Synergistic beneficial effects of natural activators of autophagy on endothelial cells and platelets.

Roberto Carnevale, Cristina Nocella, Sonia Schiavon, Vittoria Cammisotto, Maria Cotugno, Maurizio Forte, Valentina Valenti, Simona Marchitti, Daniele Vecchio, Giuseppe Biondi Zoccai, Speranza Rubattu, Ombretta Martinelli, Pasquale Pignatelli, Francesco Violi, Massimo Volpe, Francesco Versaci, Luigi Frati, Giacomo Frati, Sebastiano Sciarretta.

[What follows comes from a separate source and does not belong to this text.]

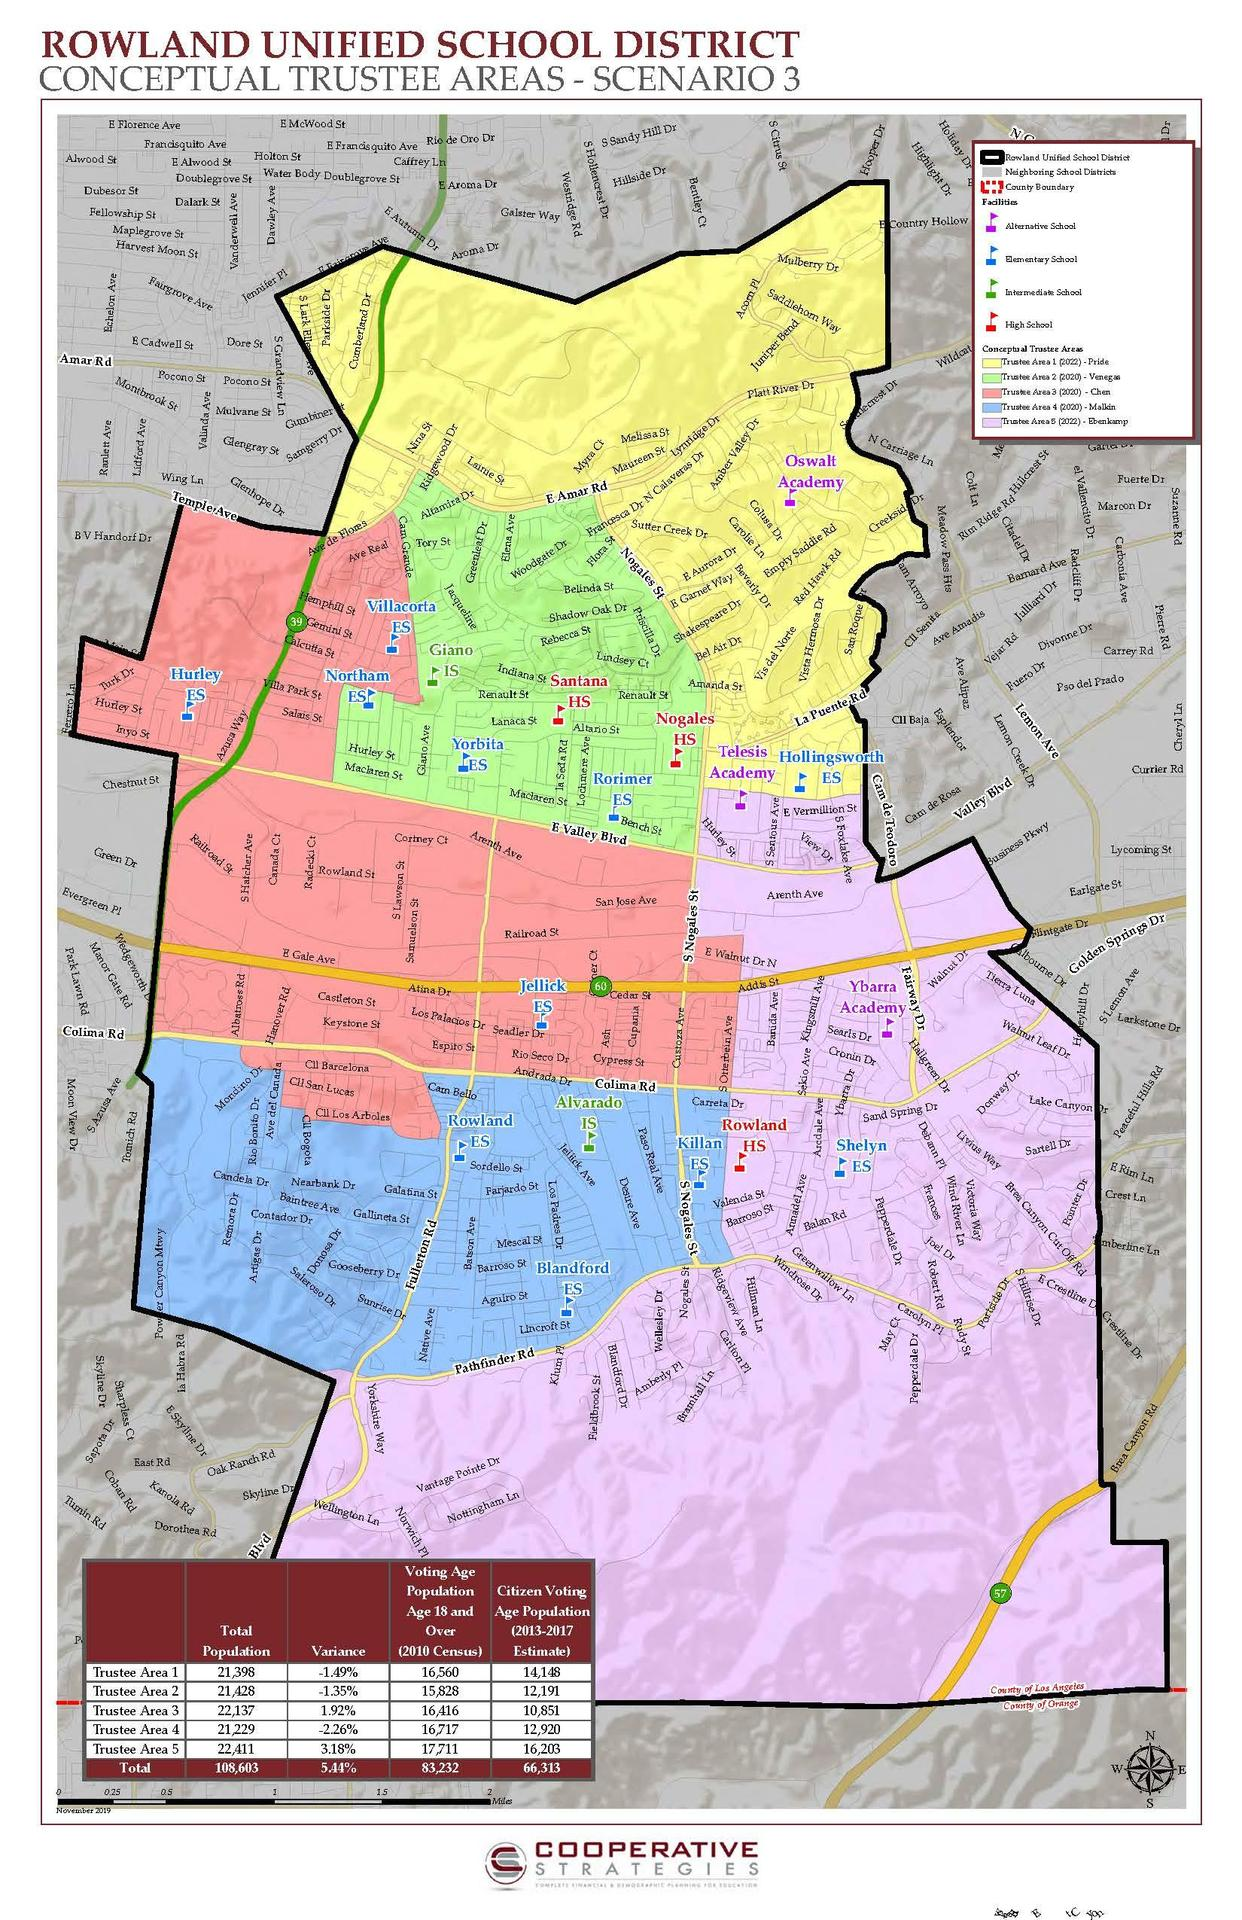 Trustee Map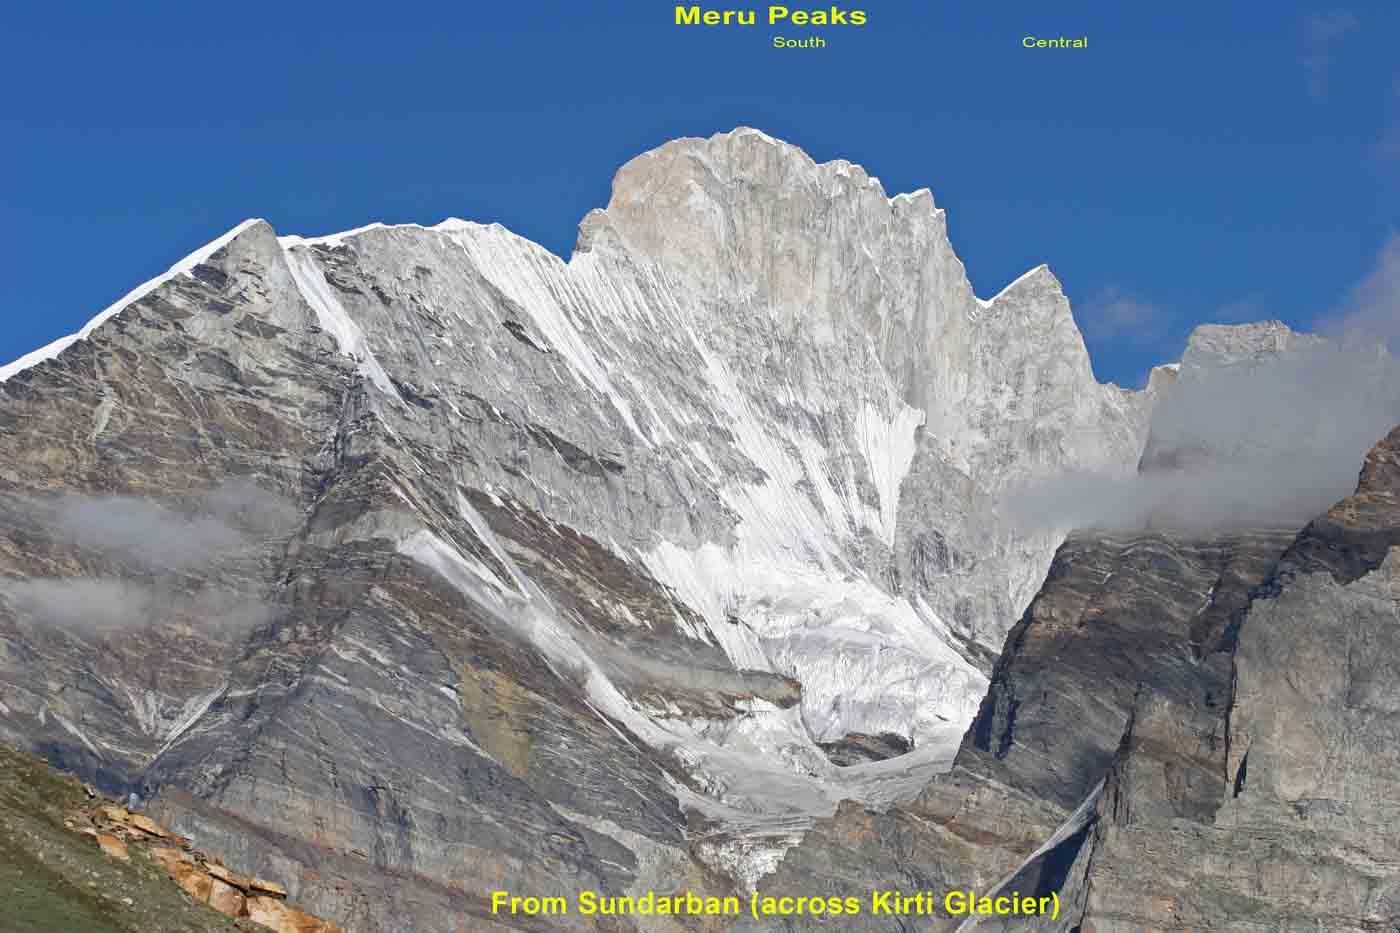 Meru from Kirti Glacier

BACKGROUND AND PURPOSE: Oxidative stress and insufficient autophagy activity are associated with inflammatory processes and are common features of many cardiovascular diseases (CVD). We investigated if a combination of natural activators of autophagy is able to modulate oxidative stress, platelet aggregation and endothelial cell survival and function in response to stress.EXPERIMENTAL APPROACH: Ex vivo platelet aggregation and activation, H2 O2 production and autophagy were measured in platelets of subjects at high cardiovascular risk, including smokers, patients with metabolic syndrome (MS) and patients with atrial fibrillation (AF). In vitro, the effects of a mixture of natural pro-autophagy molecules and antioxidants on platelets and HUVECs were evaluated.
KEY RESULT: Autophagy appeared to be inhibited, whereas aggregation was increased in platelets from AF and MS patients and in smokers, as compared to healthy subjects. Treatment of platelets isolated from these patients with 2 different mixtures of catechin, epicatechin, trehalose and spermidine significantly reduced platelet activation and oxidative stress, whereas they increased autophagy in a synergistic manner with respect to the effect of each single molecule alone. Similarly, treatment of HUVECs with a combination of these natural compounds exerted synergic beneficial effects and increased endothelial cell survival, NO bioavailability and angiogenesis in response to stress in a potentiated manner.
CONCLUSION AND IMPLICATIONS: A combination of natural activators of autophagy could synergistically inhibit platelet activity and oxidative stress and improve endothelial cell survival and function in a potentiated manner representing a useful strategy to reduce the impact of risk factors on CVD occurrence.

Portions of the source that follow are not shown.